Claims priority of provisional application 63/336,771, filed on Apr. 29, 2022.
Claims priority of provisional application 63/157,419, filed on Mar. 5, 2021.
Claims priority of provisional application 63/159,428, filed on Mar. 10, 2021.
Claims priority of provisional application 63/185,570, filed on May 7, 2021.
Claims priority of provisional application 63/252,070, filed on Oct. 4, 2021.
Claims priority of provisional application 63/139,703, filed on Jan. 20, 2021.
Claims priority of provisional application 63/006,516, filed on Apr. 7, 2020.
Claims priority of provisional application 63/008,830, filed on Apr. 13, 2020.

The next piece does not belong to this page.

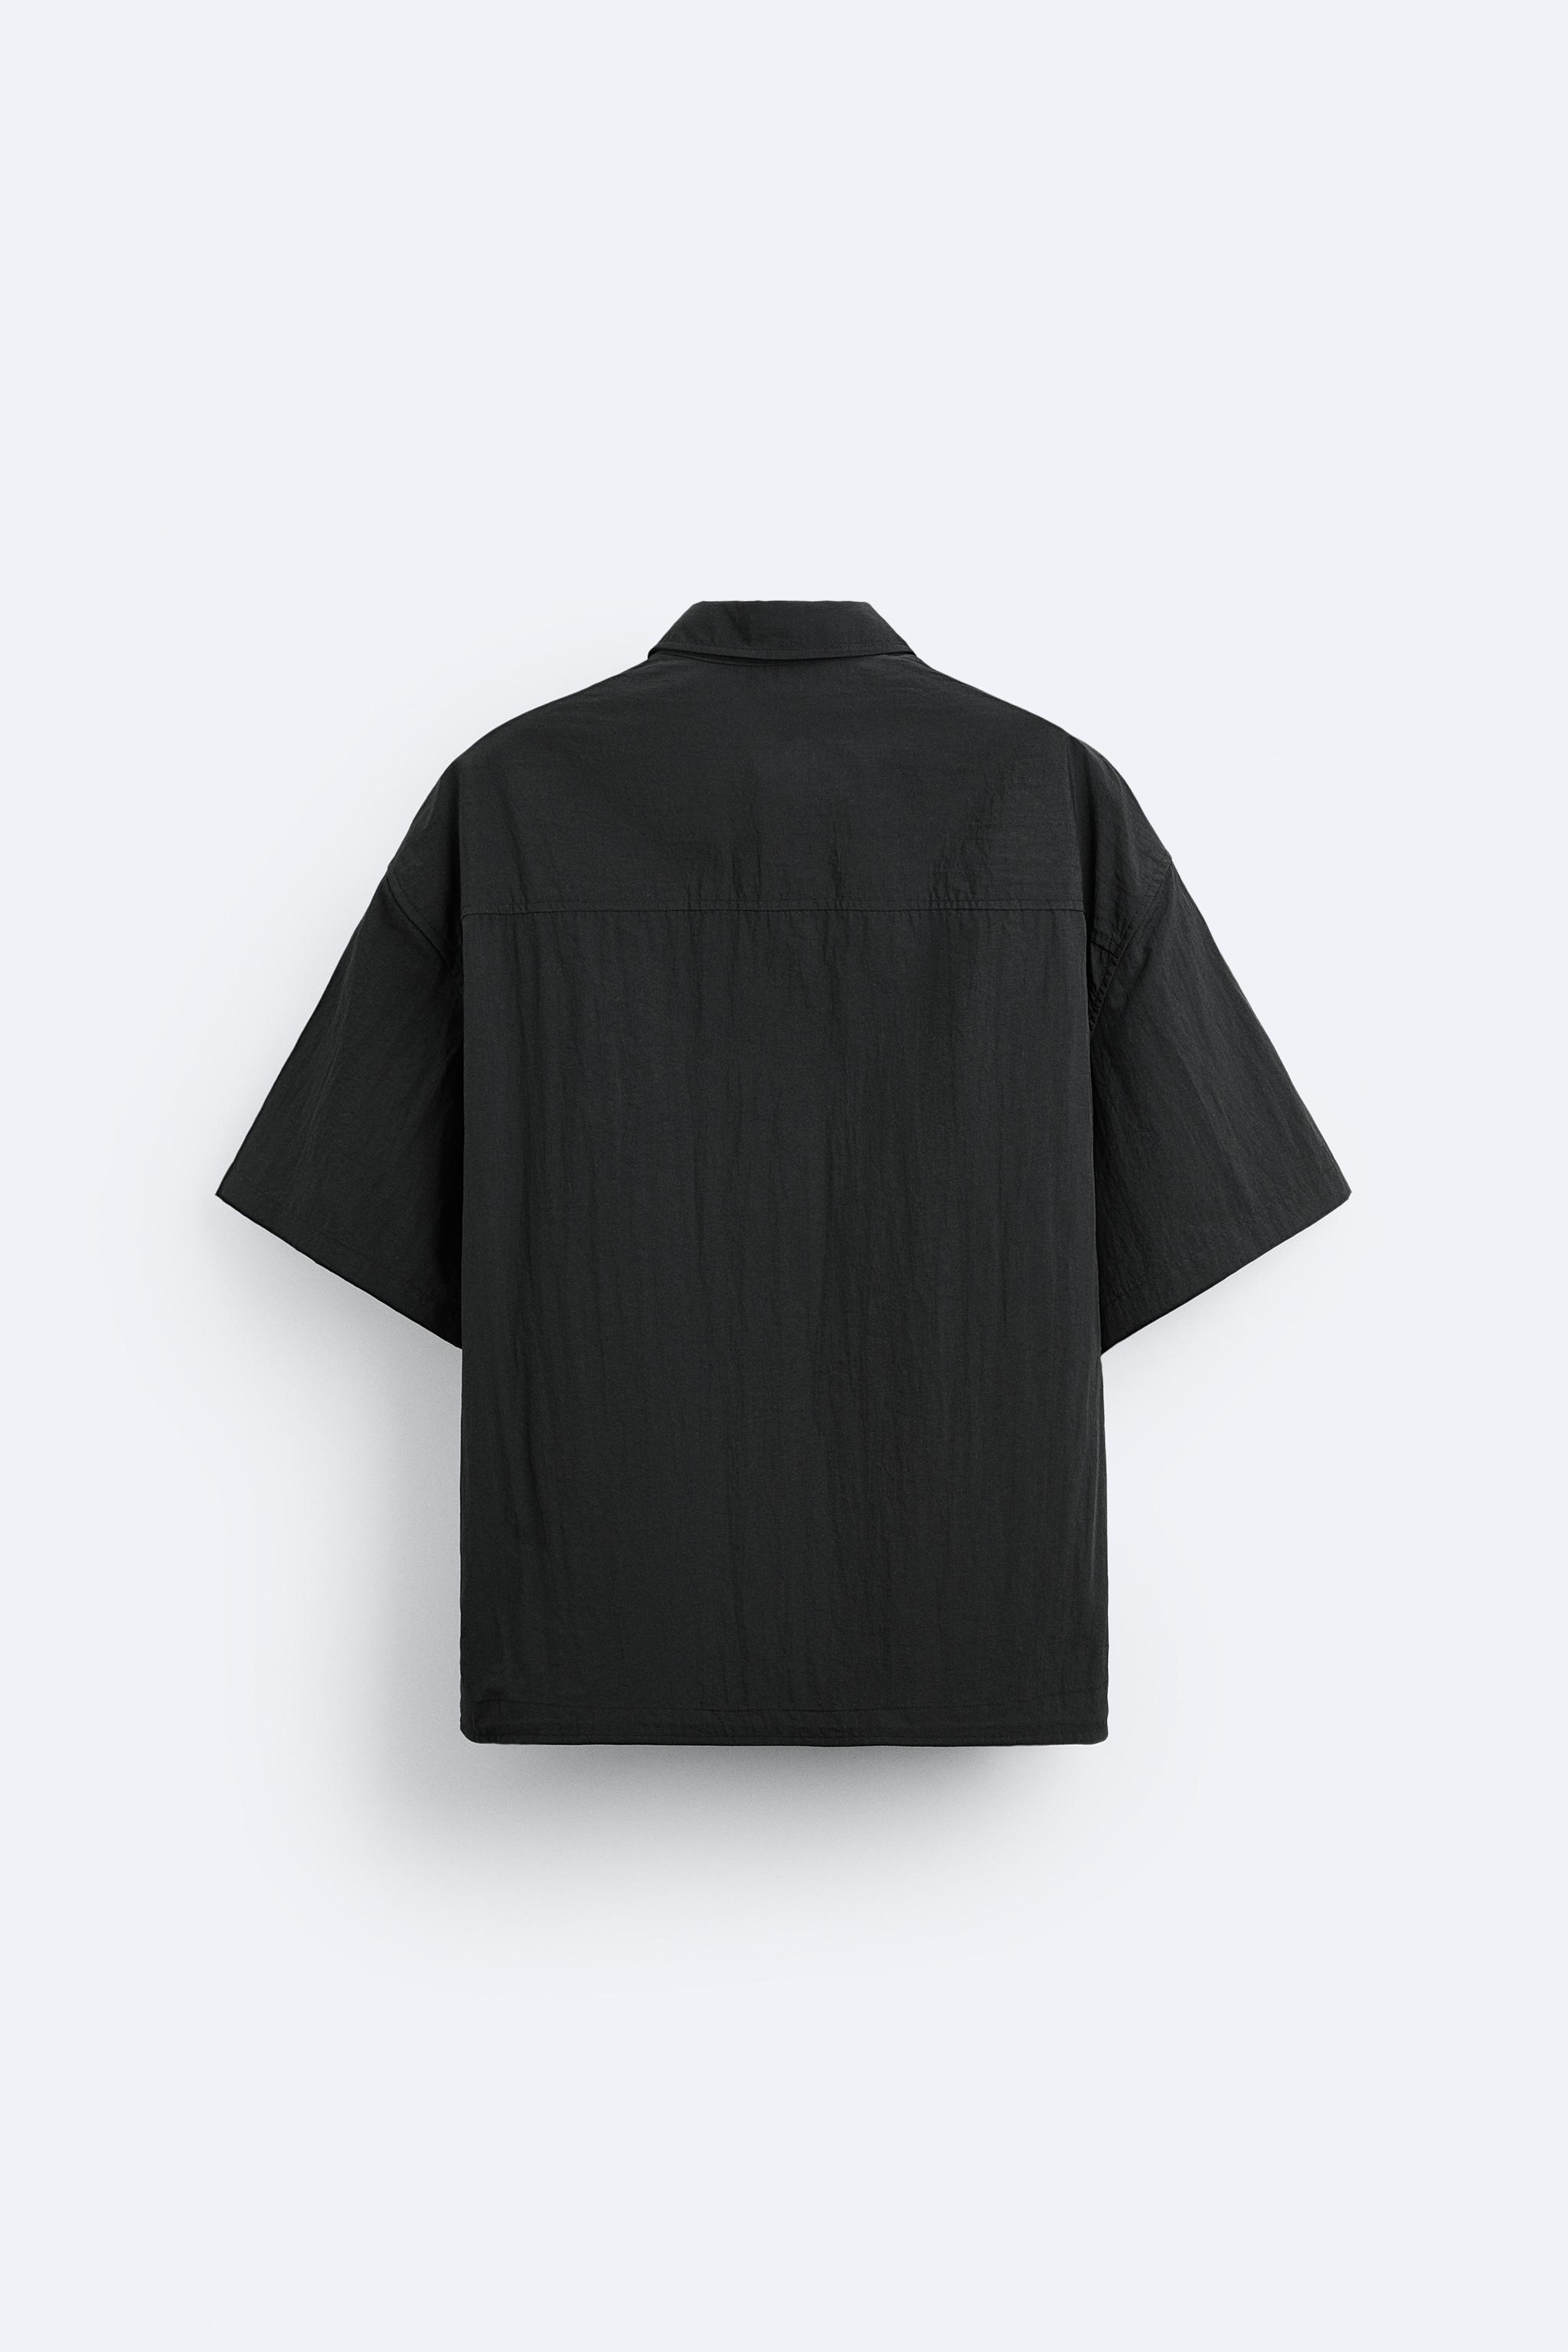 和鳥刺繍XLサイズ】glambオープンカラー ZARA ブラックアイパッチ - シャツ

Claims priority of provisional application 63/015,274, filed on Apr. 24, 2020.
Claims priority of provisional application 63/029,989, filed on May 26, 2020.
Claims priority of provisional application 62/972,240, filed on Feb. 10, 2020.

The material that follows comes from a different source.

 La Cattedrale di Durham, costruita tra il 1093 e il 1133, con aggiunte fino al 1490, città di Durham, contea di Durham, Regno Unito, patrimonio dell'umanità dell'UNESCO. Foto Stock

Claims priority of provisional application 62/985,455, filed on Mar. 5, 2020.
Claims priority of provisional application 62/816,160, filed on Mar. 10, 2019.
Claims priority of provisional application 62/776,691, filed on Dec. 7, 2018.
Claims priority of provisional application 62/739,314, filed on Sep. 30, 2018.
Prior Publication US 2023/0147225 A1, May 11, 2023
This patent is subject to a terminal disclaimer.
Int. Cl. G06F 9/48 (2006.01)
CPC G06F 9/4881 (2013.01) [G06F 9/485 (2013.01)] 27 Claims
OG exemplary drawing
 
1. An apparatus comprising at least one processor and a storage to store instructions that, when executed by the at least one processor, cause the at least one processor to perform operations comprising:
receive, at the at least one processor, and from a requesting device via a network, a request to perform a job flow comprising a set of tasks;
within a performance container, the at least one processor is caused to output a first task routine execution request message;
within a first task container, and in response to the first task routine execution request message, the at least one processor is caused to perform operations of a first task comprising:
access a first data object within at least one federated area to determine whether the first data object is already divided into a first set of data object blocks;
in response to a determination that the first data object is not already divided, perform operations comprising:
analyze the first data object to determine a size of the first data object;
analyze a data structure by which data values are organized within the first data object to identify an atomic unit of storage of data values within the data structure, and to determine a size of the atomic unit;
based on at least the size of the first data object, the size of the atomic unit, and storage resources allocated to task containers, determine a quantity of data object blocks into which to divide the first data object;
divide the first data object into the quantity of data object blocks to generate the first set of data object blocks; and
output a first task completion message comprising a first set of data block identifiers, wherein each data block identifier of the first set of data block identifiers indicates a location within the at least one federated area at which a different data object block of the first set of data object blocks is stored; and
in response to a determination that the first data object is already divided, perform operations comprising:
retrieve the first set of data block identifiers from the at least one federated area; and
output the first task completion message comprising the first set of data block identifiers; and
within the performance container, and in response to the first task completion message, the at least one processor is caused to output a first set of task routine execution request messages to cause a second task to be performed by executing multiple instances of a task routine within multiple task containers at least partially in parallel, wherein:
each task routine execution request message of the first set of task routine execution request messages includes a different data block identifier of the first set of data block identifiers to cause the at least one processor to execute each instance of the task routine using a different data object block of the first set of data object blocks as an input.